TGF-β1-induced expression of Id-1 is associated with tumor progression in gastric cancer.

Transforming growth factor β1 (TGF-β1) and inhibitor of differentiation/DNA-binding 1 (Id-1) have been shown to be associated with aggressive metastatic behavior of cancer cells in many malignant tumors. However, their role in gastric cancer (GC) has not been established. In this study, we investigated the relationship between expression of Id-1 and TGF-β1 in GC as well as their association with GC progression.
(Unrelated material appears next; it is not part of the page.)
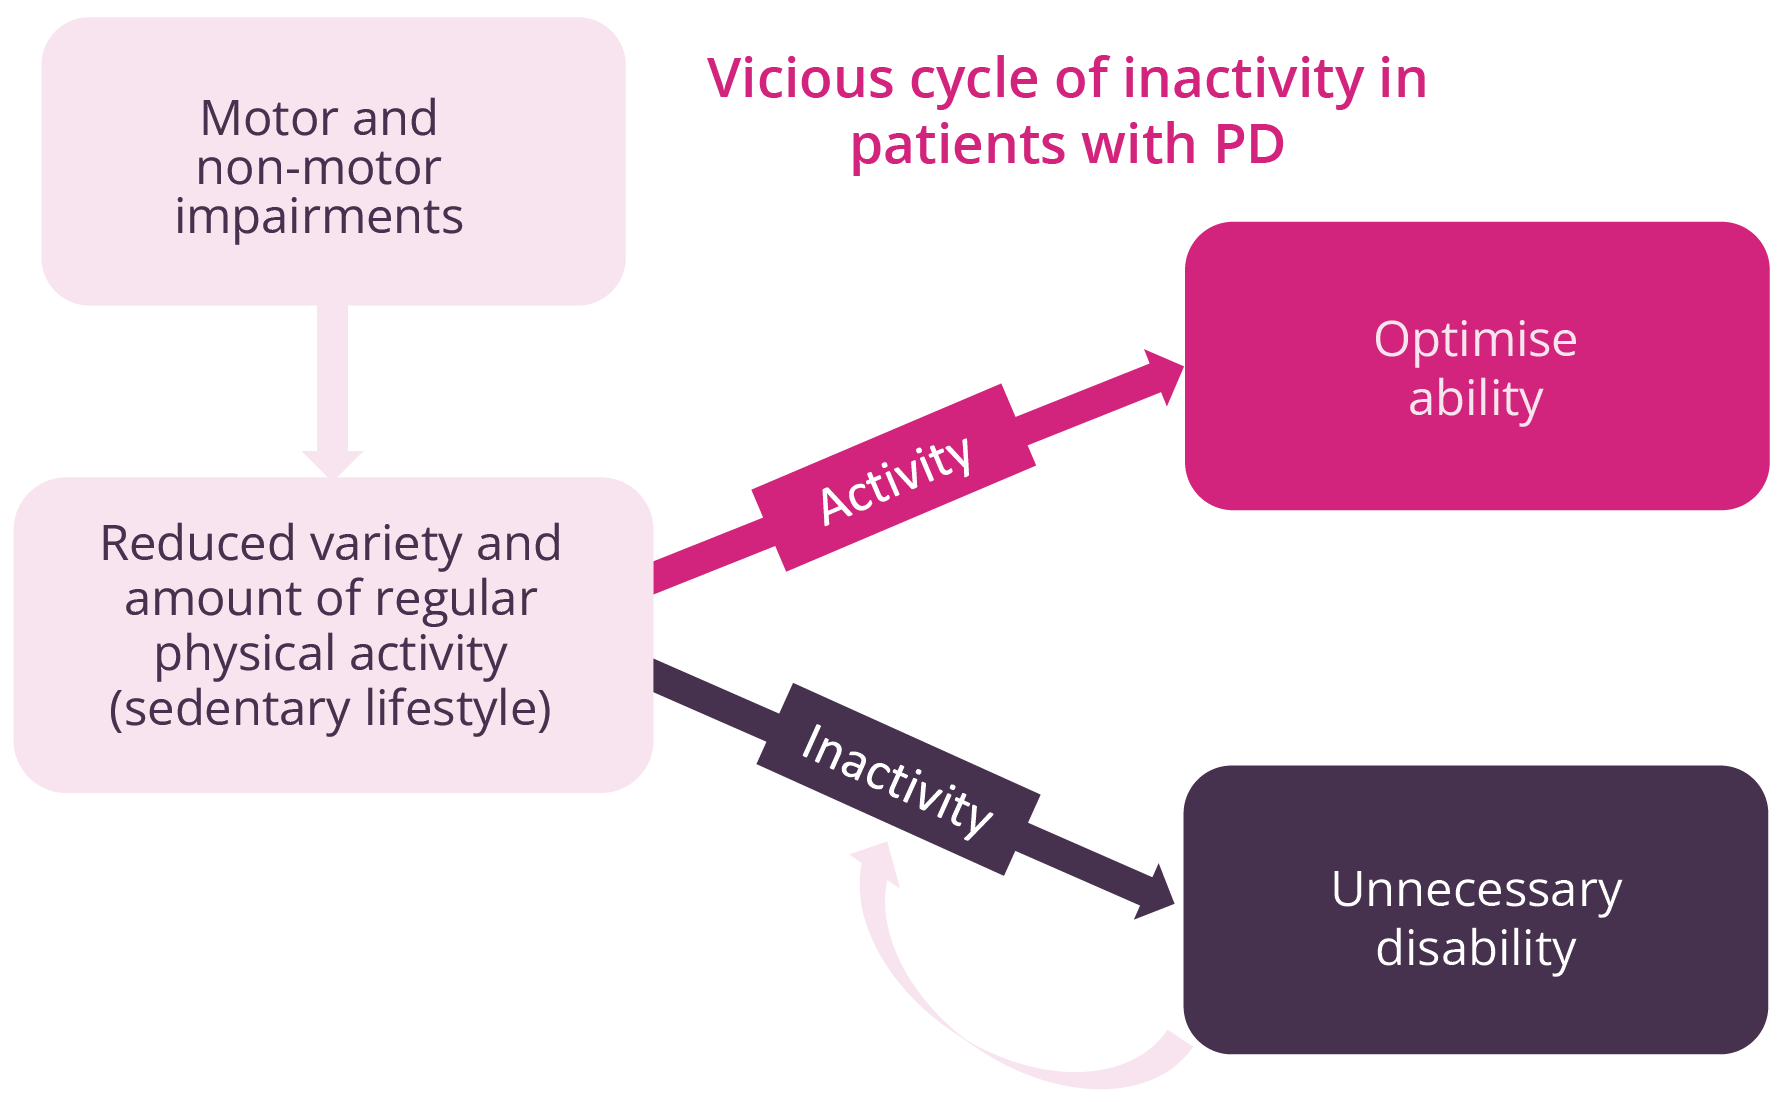 Vicious cycle of inactivity in patients with PD

The immunohistochemical analysis of 71 human GC samples indicated that both Id-1 and TGF-β1 were markedly upregulated in tumor tissue compared with the adjacent tissue; in addition, a significant positive correlation was found between the expression levels of Id-1 and TGF-β1 by Pearson's correlation analysis. Furthermore, the investigation of the association of Id-1 and TGF-β1 with patient clinical characteristics revealed that Id-1 expression was significantly correlated with tumor differentiation, while TGF-β1 was associated with lymph node metastasis. The results were validated in vitro by using a GC cell line, AGS. The expression of Id-1 was upregulated at 24 and 48 h after the treatment with TGF-β1, whereas it did not affect the proliferation of cells. TGF-β1 also influenced the expression of N-cadherin and β-catenin. Our results suggested that Id-1 and TGF-β1 played important roles in the progression of GC, in which Id-1 might act as a downstream mediator of TGF-β1 signaling through a regulatory mechanism involving N-cadherin and β-catenin. The TGF-β1/Id-1 axis might serve as a future therapeutic target for GC.